New Financing Option: Solar Asset Backed Securities

Last week SolarCity announced an offering of securitized solar systems to investors. SolarCity is offering $54 million of solar backed notes that offer a 4.8% rate of return and mature in 2026. The notes are payable from the cash flow generated by the leases and power purchase agreements (PPAs) that SolarCity has with its customers. Standard & Poor’s has rated the notes BBB+.

Securitization Diagram

Pooling contractual debt to sell to investors is nothing new. It happens for mortgages, auto loans, airplanes, trains, and life insurance all the time. What makes SolarCity’s offering newsworthy is this is the first time that it has happened in the solar industry and it could potentially be a new way of financing the industry’s growth. Many people anticipate that other solar installers like Sungevity and SunRun will follow SolarCity’s footsteps if this initial offering is successful.

By receiving the money upfront from investors instead of over the life of the leases and PPAs, SolarCity’s cost of capital is reduced.
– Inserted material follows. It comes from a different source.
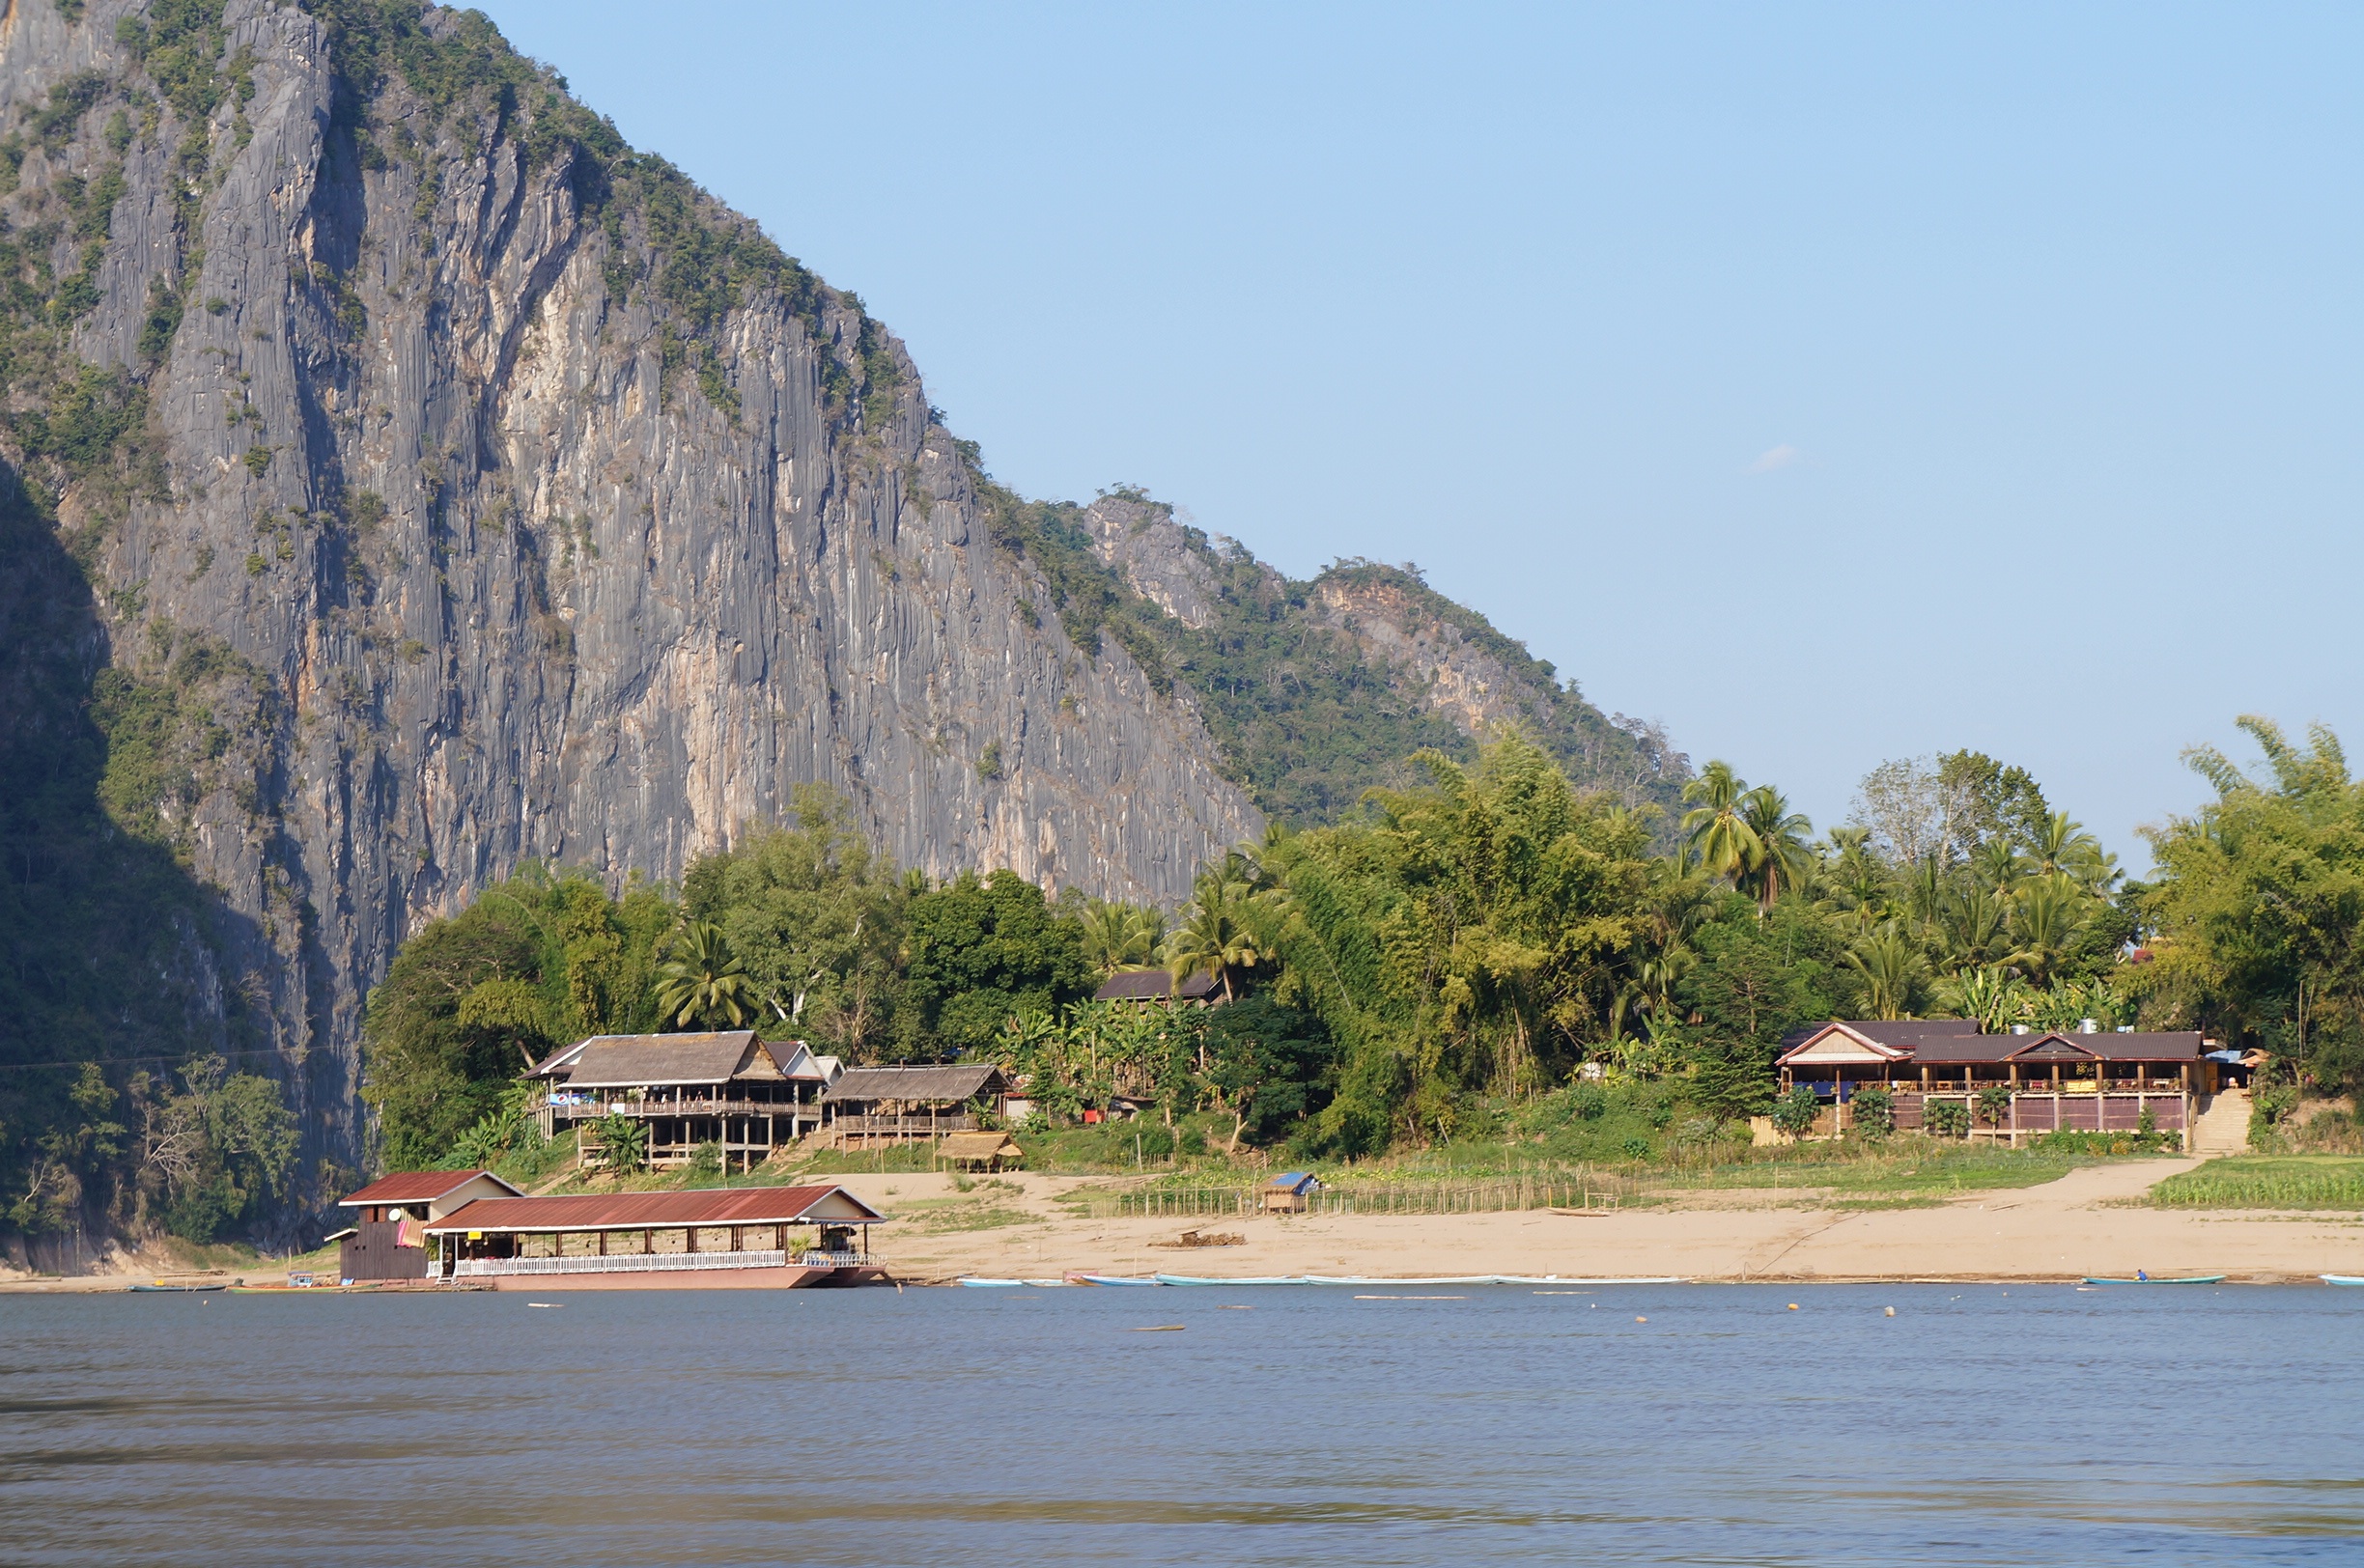 Linda viagem pelo Mekong

SolarCity can take the proceeds from the sale of the notes and use that money to grow its business. Liability-driven institutional investors struggling in the current low interest rate environment are happy to purchase the notes because they offer a higher yield than they can find in many other places.
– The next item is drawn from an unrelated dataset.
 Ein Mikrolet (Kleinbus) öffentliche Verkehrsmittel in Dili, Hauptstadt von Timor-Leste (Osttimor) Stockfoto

As with any new financial product, there are characteristics and risks of solar securitization that are not yet fully understood. In order to reduce risk and err on the side of caution, SolarCity shortened the tenor of the notes to 13 years (leases are generally 20 years) and funded a special reserve account for any equipment malfunction. The size of the offering, $54 million, is also smaller than normal securitized offerings and could indicate SolarCity’s testing the water on a small scale for its first offering.
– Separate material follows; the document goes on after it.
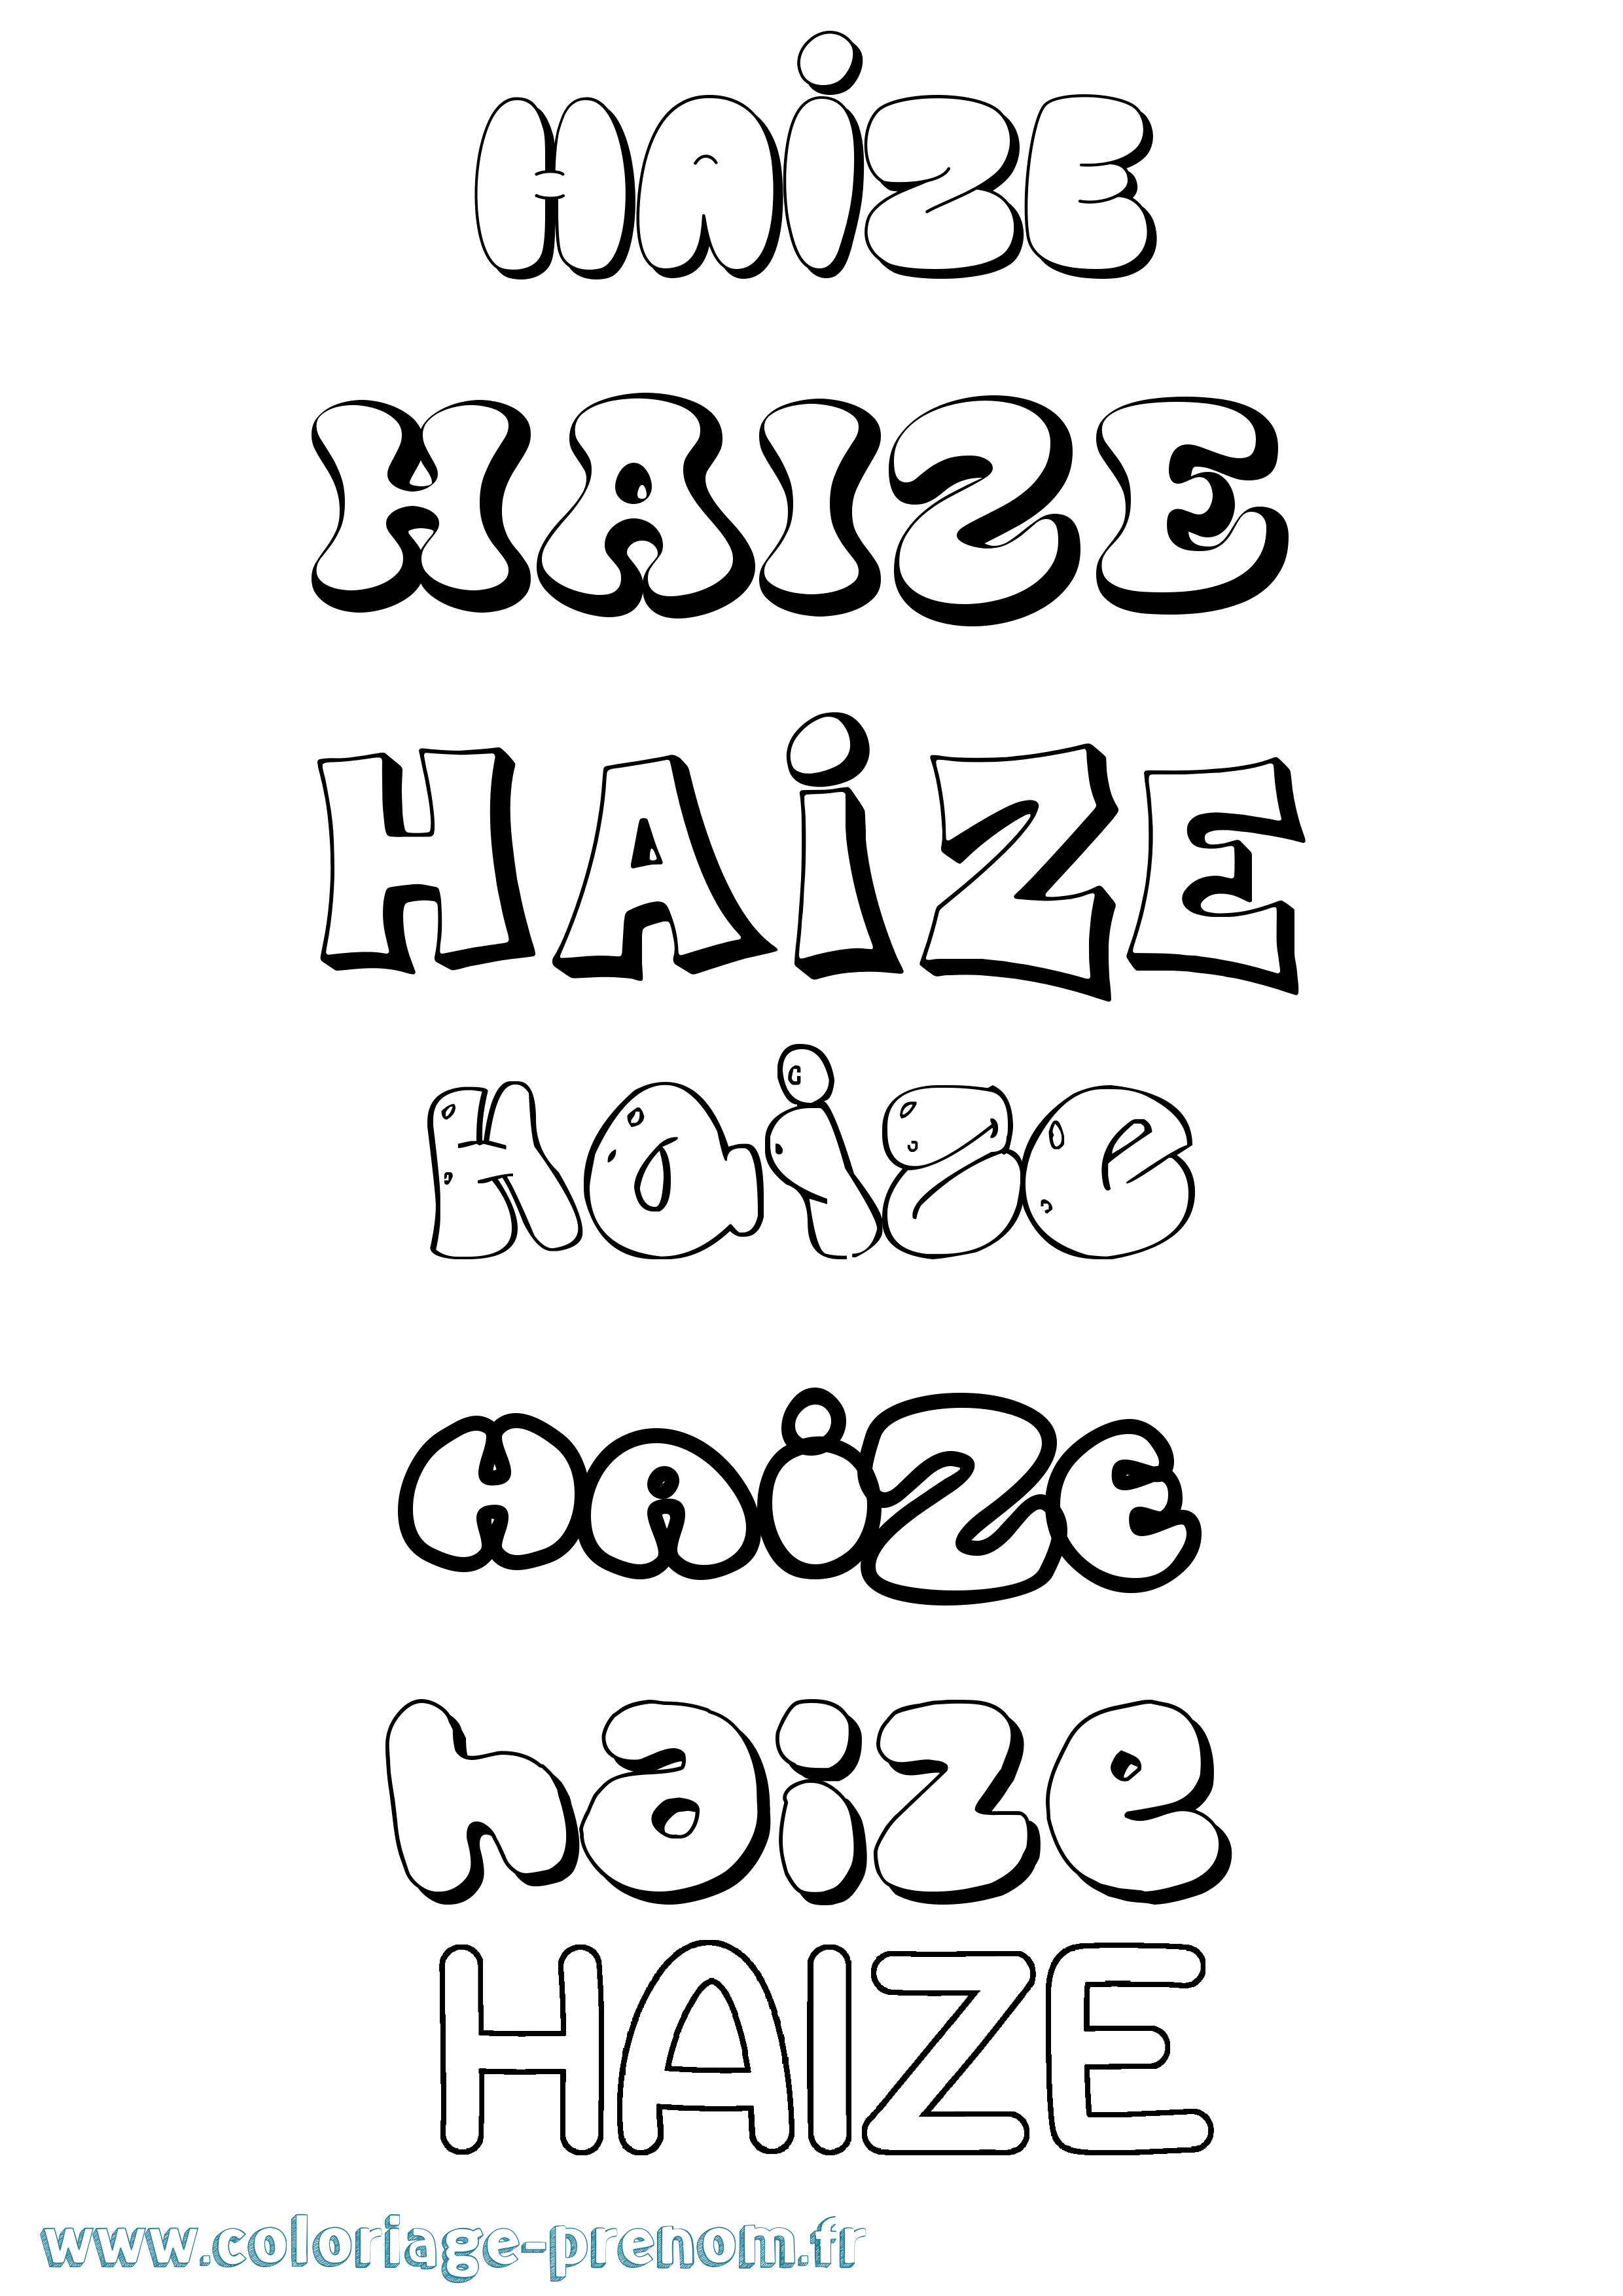 Coloriage prénom Haize Bubble

Options For Individual Investors

While this new form of financing for the solar industry is important, it excludes individual investors as only institutional investors may invest in SolarCity’s offering. For individuals interested in investing in solar, Mosaic has created an online marketplace that connects individuals to solar projects. Mosaic provides investors with competitive returns (up to 7% on past projects) and reduces the cost of capital for solar developers.

Going Forward

Financing the continued growth of the solar industry will take a lot of capital. All forms of financing – crowdsourced, securitized, public, and private – will be needed. As the solar industry continues to grow and more people profit from the expansion, additional capital will flow to the industry and reduce the cost of capital for companies. While this flow of capital seems inevitable, it can’t happen fast enough.



This entry was posted on Thursday, November 21st, 2013 at 4:37 pm and is filed under Uncategorized.  You can follow any responses to this entry through the RSS 2.0 feed.  You can leave a response, or trackback from your own site.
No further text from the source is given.